Oct 25, 2017 17:37
С миром руской словесности я познакомился очень рано, когда мне не изполнилось ещо и шести лет. Да и читать я научился рано. Лет в пять. Учился читать по букварю старшего брата. Но самой первой и любимой книгой моей была, как ни странно, Хрестоматия Руской Литературы - большой толстенный том светлого, почти белого, цвета, изданный в конце правления росийского криптоимператора - генералиссимуса Иосифа Сталина. Надо сказать, что Хрестоматия сия была издана, несмотря на её сугубо школьное предназначение, в превозходном переплёте, весьма акадэмично и солидно, в стиле ампир, который был характерен для сталинской эпохи. Содержанием книги являлись изключительно два века руской словесности - XVIII и XIX. Причом на титульном листе её красовался классический портрет Михайлы Васильевича Ломоносова. Здесь нужно заметить, что имперско-советская историко-литературная концепция считала основателем современной, самостоятельной и самобытной, руской литературы отнюдь не Александра Сергеевича Пушкина, а поэта Ломоносова. Но в ренегадские хрущовско-брежневские времена Михайла Васильевича да Гаврилу Романовича Державина резко понизили в статусе, обозвав их всего лишь предтечами блистательного Александра - солнца Руской Поэзии. Последнему дали высочайший титул Отца нашей национальной литературы, тем самым понизив и статус всей новой росийской словесности, ложно увеличив период её искательства, провинциального подражательства да ученичества в Западно-Европейской школе наук и искусств почти на целый век. Однако, в те ребяческие лета мои, когда я лелеял в маленьких ручонках своих внушительный хрестоматийный том, я не мог знать об этих коварных идеологических вывертах-загогулинах властьпредержащих инстанций.
Итак, на первых страницах замечательной Хрестоматии я, прежде всего, познакомился и подружился с великим Ломоносовым, весьма бойко читая его оды да отрывки из «Древней Росийской истории». Но где-то в середине книги я натыкался на Козьму Пруткова. Оды Михайлы Васильевича поражали меня своей торжественностью. Он не писал, а священодействовал. В своих детских жилах я ощущал необъяснимый трепет. Душа возпламенялась. Дух возпарялся. Эпичность поэзии Ломоносова делала окружающий мир величественным и объёмным, огромным и безконечным. «Открылась бездна звёзд полна. Звездам числа нет, бездне - дна». Те же ощущения я изпытал позже, после чтения руских народных старин или былин. Именно Ломоносов пробудил во мне первое и глубокое - патриотическое, национальное чувство. Но, что не менее важно, он разбудил во мне философа и метафизика, спровоцировал мой постоянный интерес к апофатической проблематике Ничто (Неизследимой Бездне, Тьме-Тиамат, по-немецки, Ungrund). Кстати, советский ДИАМАТ - это апофатическая криптометафизика ничевочества & ничевсёчества да и руского даосизма вообще, ведь понятие Материи в Диамате абсолютно абстрактное и безсодержательное - пустое. Материя в советском философском толковнике - это всего лишь инверсия Ungrund или даосской Пустоты с семенами всех вещей.

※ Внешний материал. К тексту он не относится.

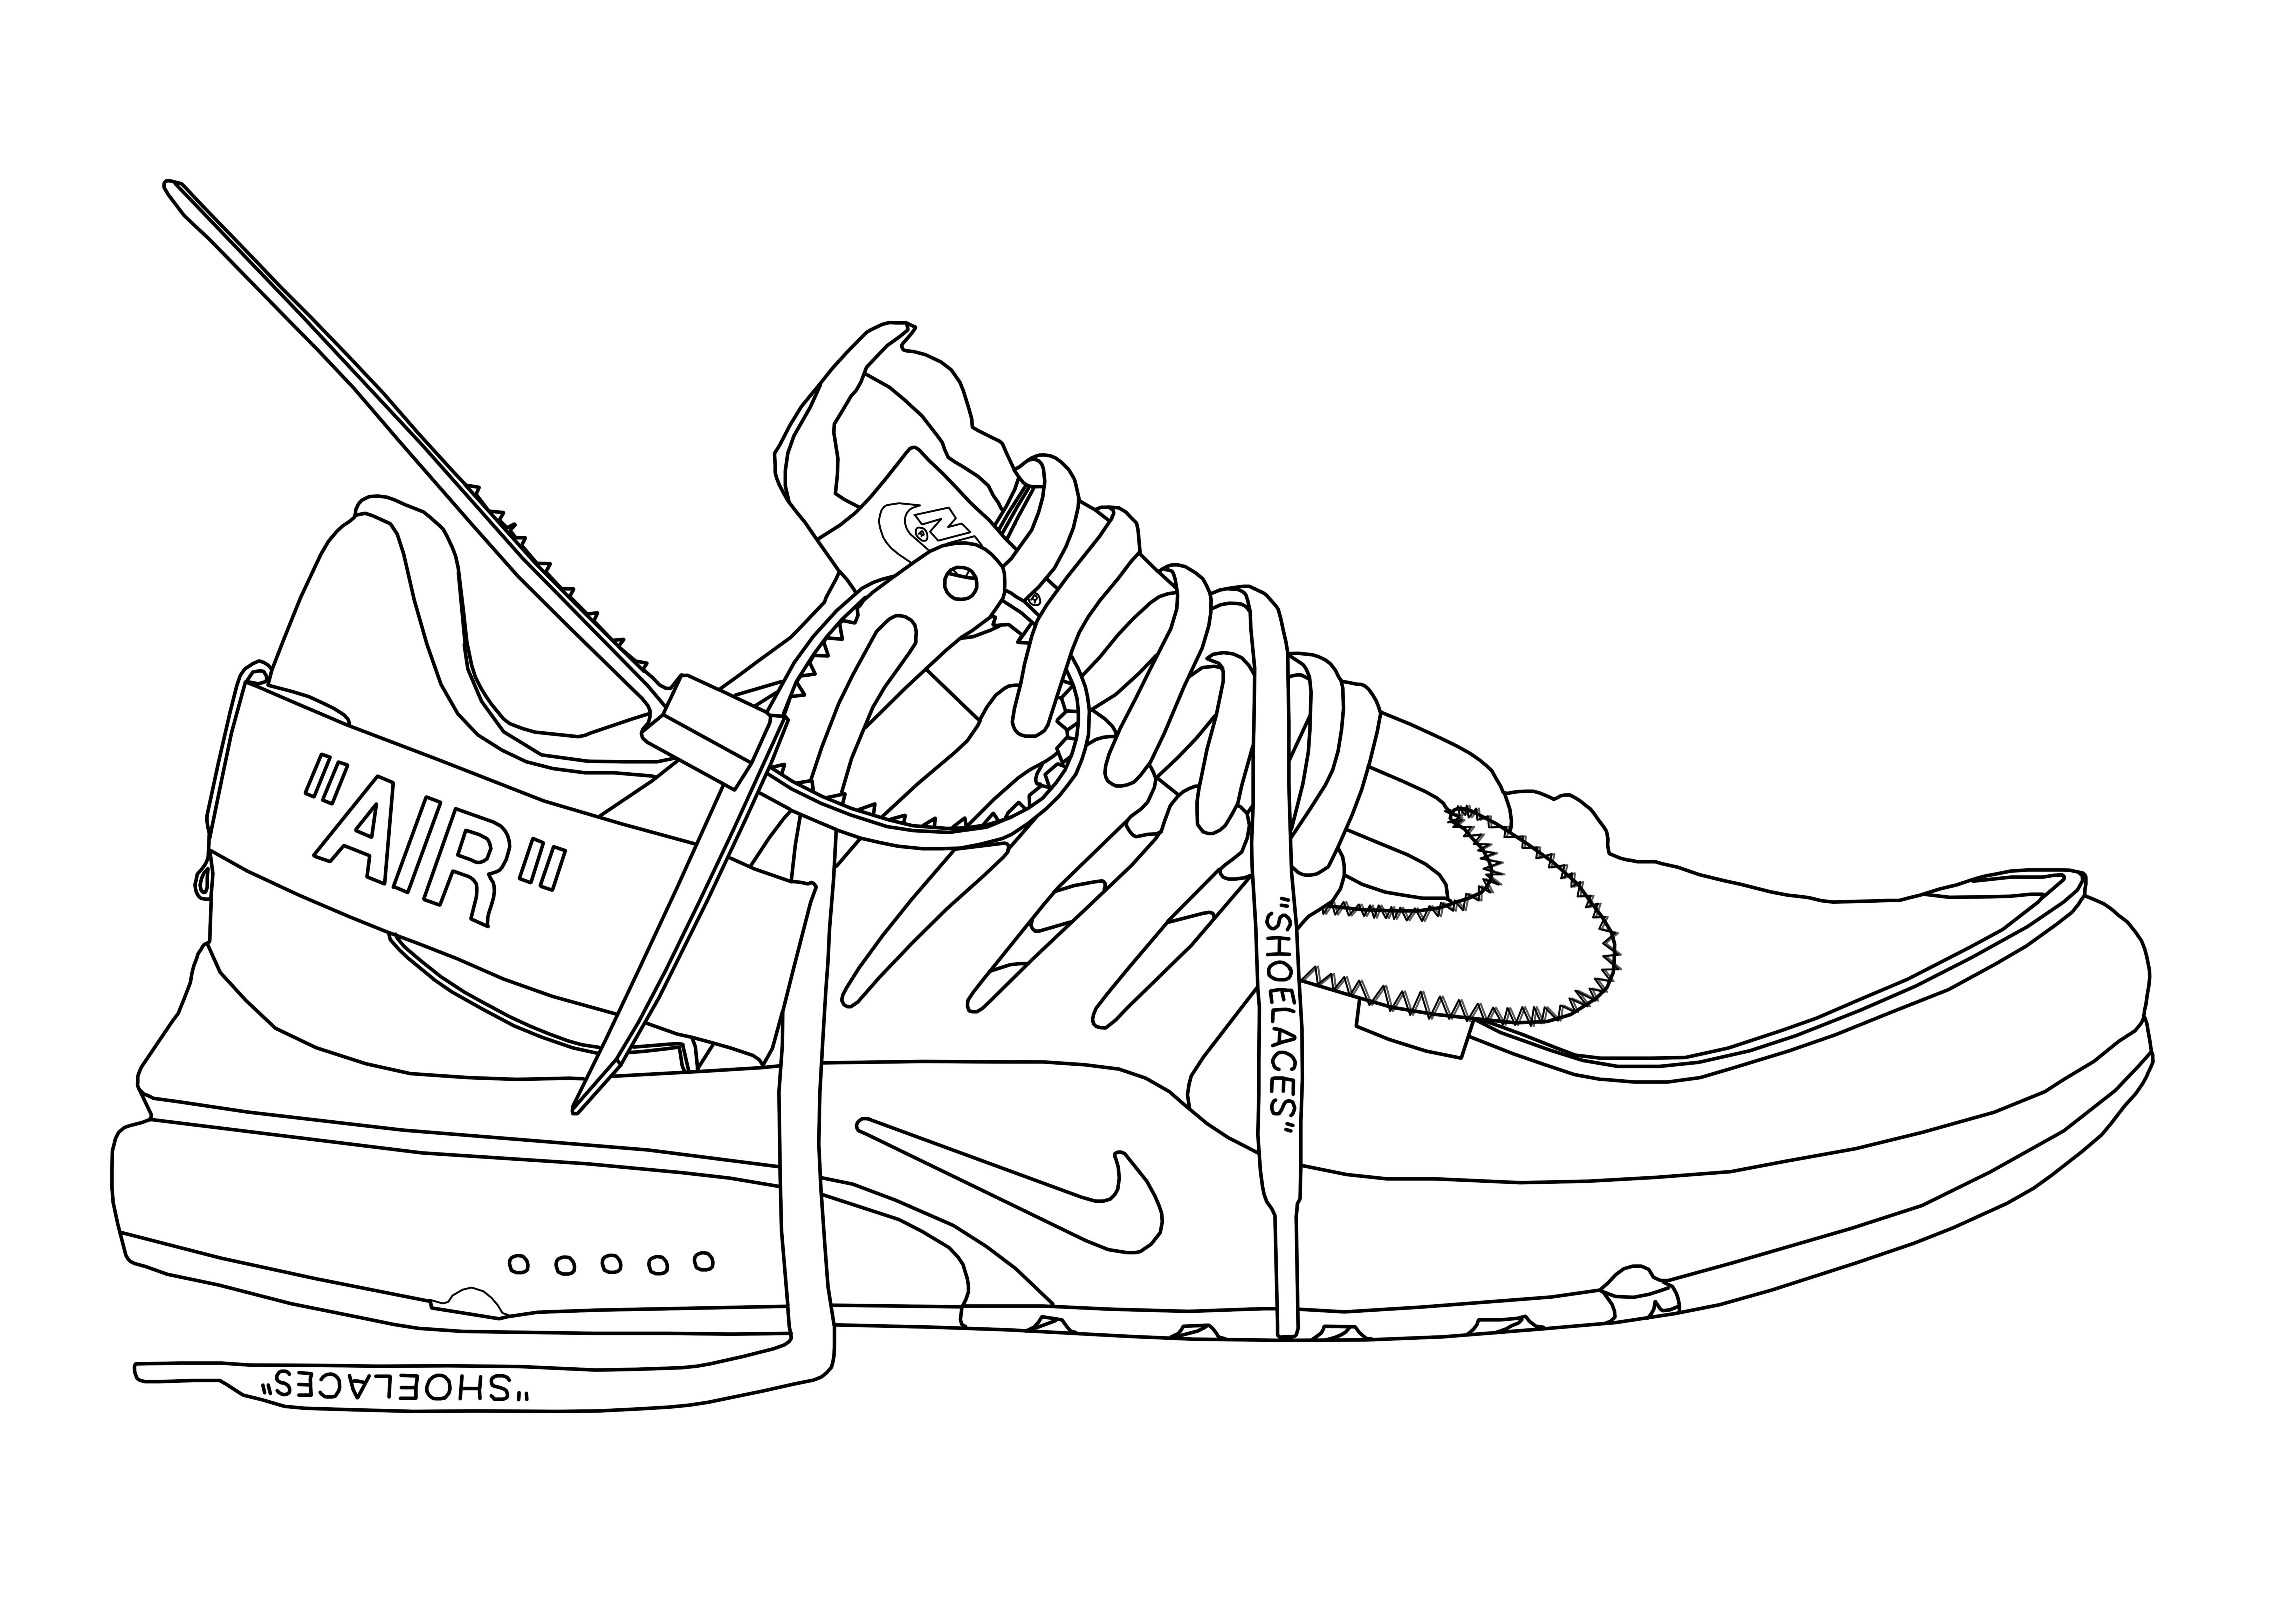 Off White Shoe Drawings Yahoo Zoekresultaten Van Afbeeldingen Off White Shoes Shoes Drawing Sneakers Drawing

Но вернёмся к Пруткову. Козьма - полная противоположность великому классику и классицисту Ломоносову. Это классик наоборот. Если выразиться ещо точнее - в тэрминах мифологических наук, то Прутков - классический Трикстер руской словесности. А Михайла Васильевич - её классический Дэмиург. Когда я в середине Хрестоматии обнаружил Козьму, то поразился его портрету, тоже классическому. Передо мной предстал весьма надутый и чванливый мужчина лет 35-40 в старинном сюртуке с непомерно огромным галстухом, годным, пожалуй, на носорога. Это смешное, нелепое обстоятельство привлекло моё внимание к сему персонажу. Поскольку литературная биография Пруткова была напечатана мелкими буквами, я не стал её читать, но сразу обратился к его избранным произведениям. Ввиду этого я упустил тот важный факт, что под комичной личиной Козьмы скрывались пять остроумных и ироничных писателей - три брата Жемчужниковы, Алексей Аммосов да граф Алексей Константинович Толстой (последнего я знал по нескольким стихам для детей). Поэтому я долгое время, вплоть до девятого класса средней школы, полагал, что Козьма Прутков - это реально существовавший человек - сатирический поэт, прозаик и комедиограф середины XIX в. Каково же было моё удивление, когда я, в конце концов, узнал истину. Но из раннего детства я вынес не столько пародическую поэзию Козьмы, сколько некоторые афоризмы, навсегда врезавшиеся мне в память. Зри в корень! Бди! Никто не обнимет необъятного. Лучше скажи мало, но хорошо. Если у тебя есть фонтан, заткни его; дай отдохнуть и фонтану. Где начало того конца, которым оканчивается начало? Петух пробуждается рано, но злодей - ещо раньше. И устрица имеет врагов! Усердие всё превозмогает. Единожды солгавши, кто тебе поверит? И т.д. Суть иронико-пародической и юмористической поэзии Козьмы Петровича мне открылась много позже. А поначалу он для меня был просто смешным человеком и столь же смешным писателем-шутником, почти клоуном от руской словесности. Тем не менее, Прутков занял прочное место в моём литературном пантэоне. Он казался мне огромной, причудливо изкривлённой тенью, которую далеко отбрасывала руская литература. Эта тень будоражила, соблазняла и притягивала. Она была живой, динамичной, а не статичной. С одной стороны, в ней проглядывало что-то демоническое, чертовски опасное, рискованное, с другой - скоморошеское, карнавально-весёлое и доброе, глубоко жизнерадостное. В прутковских текстах, в самом языке его царил дух сказочного народного театра теней или гротэскных марионеток.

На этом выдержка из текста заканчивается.